DATASET SECTION START
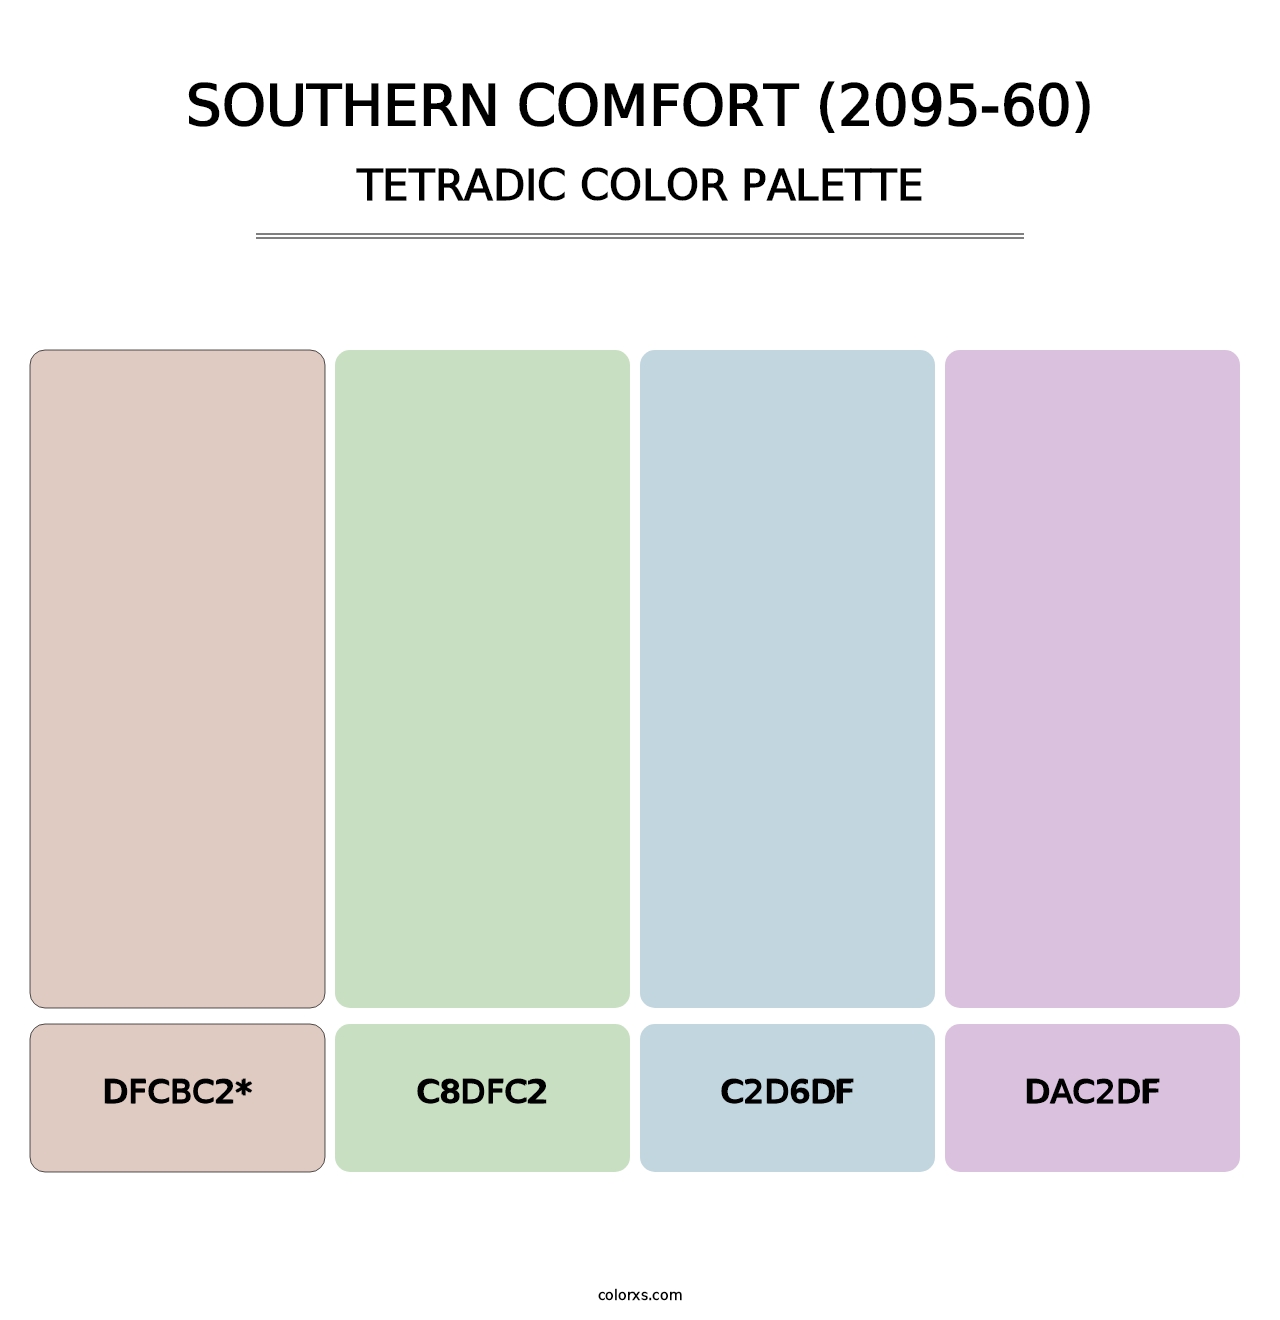 Southern Comfort (2095-60) - Tetradic Color Palette
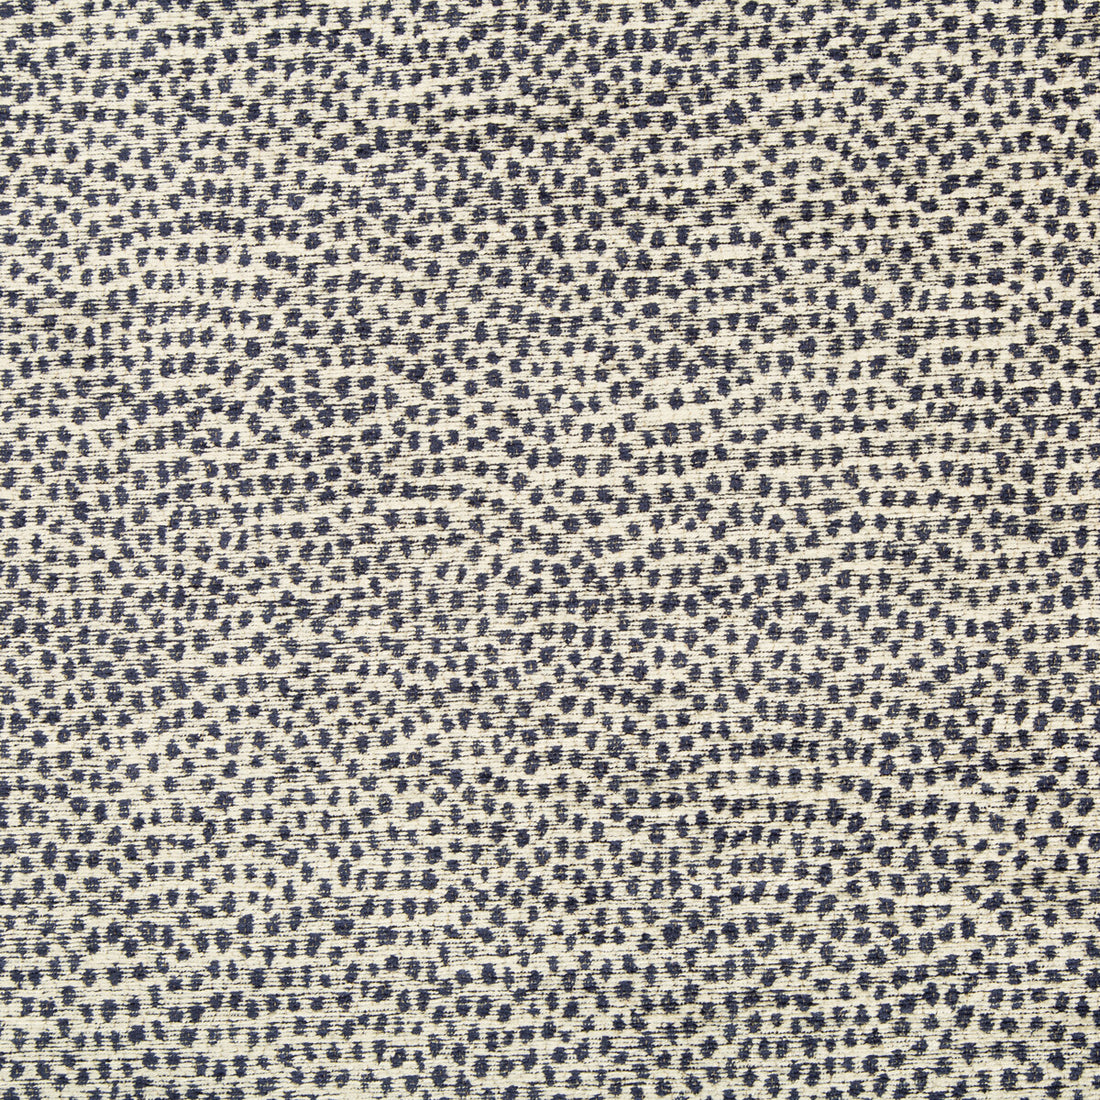 Kravet Design fabric in 34971-50 color - pattern 34971.50.0 - by Kravet Design in the Performance Crypton Home collection
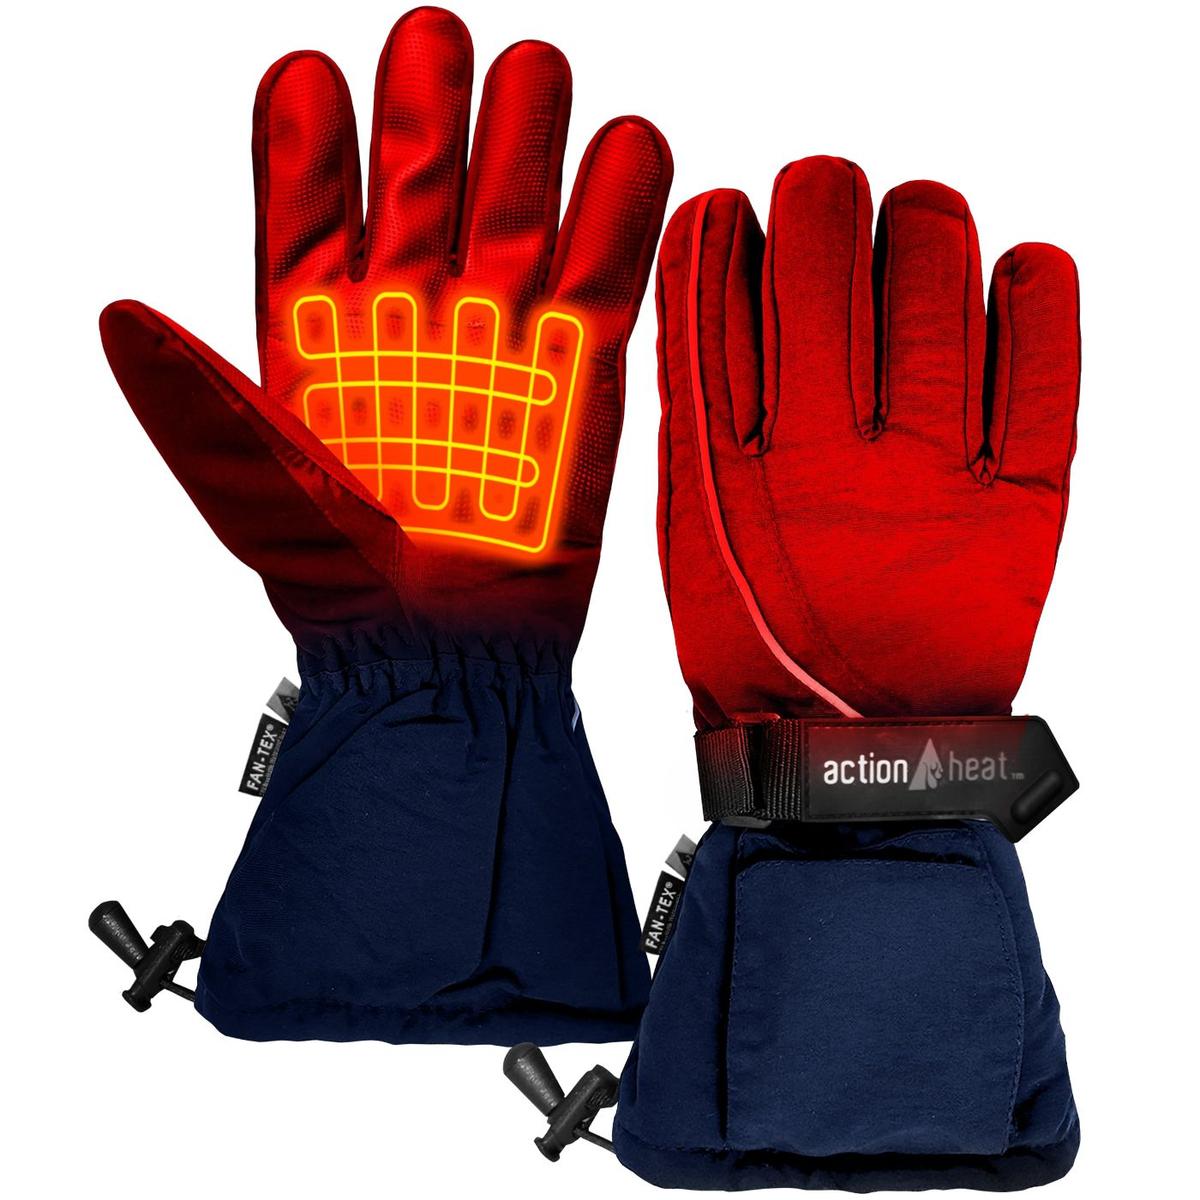 3 Gear Electric Heated Gloves 10000mAh USB Rechargeable
DATASET SECTION END
**PROBLEM TO WORK ON**: Write out the listing word for word, omitting the pictures it holds.

**EXPECTED ANSWER**:
 Southern Comfort (2095-60) - Tetradic Color Palette
 Kravet Design fabric in 34971-50 color - pattern 34971.50.0 - by Kravet Design in the Performance Crypton Home collection
 3 Gear Electric Heated Gloves 10000mAh USB Rechargeable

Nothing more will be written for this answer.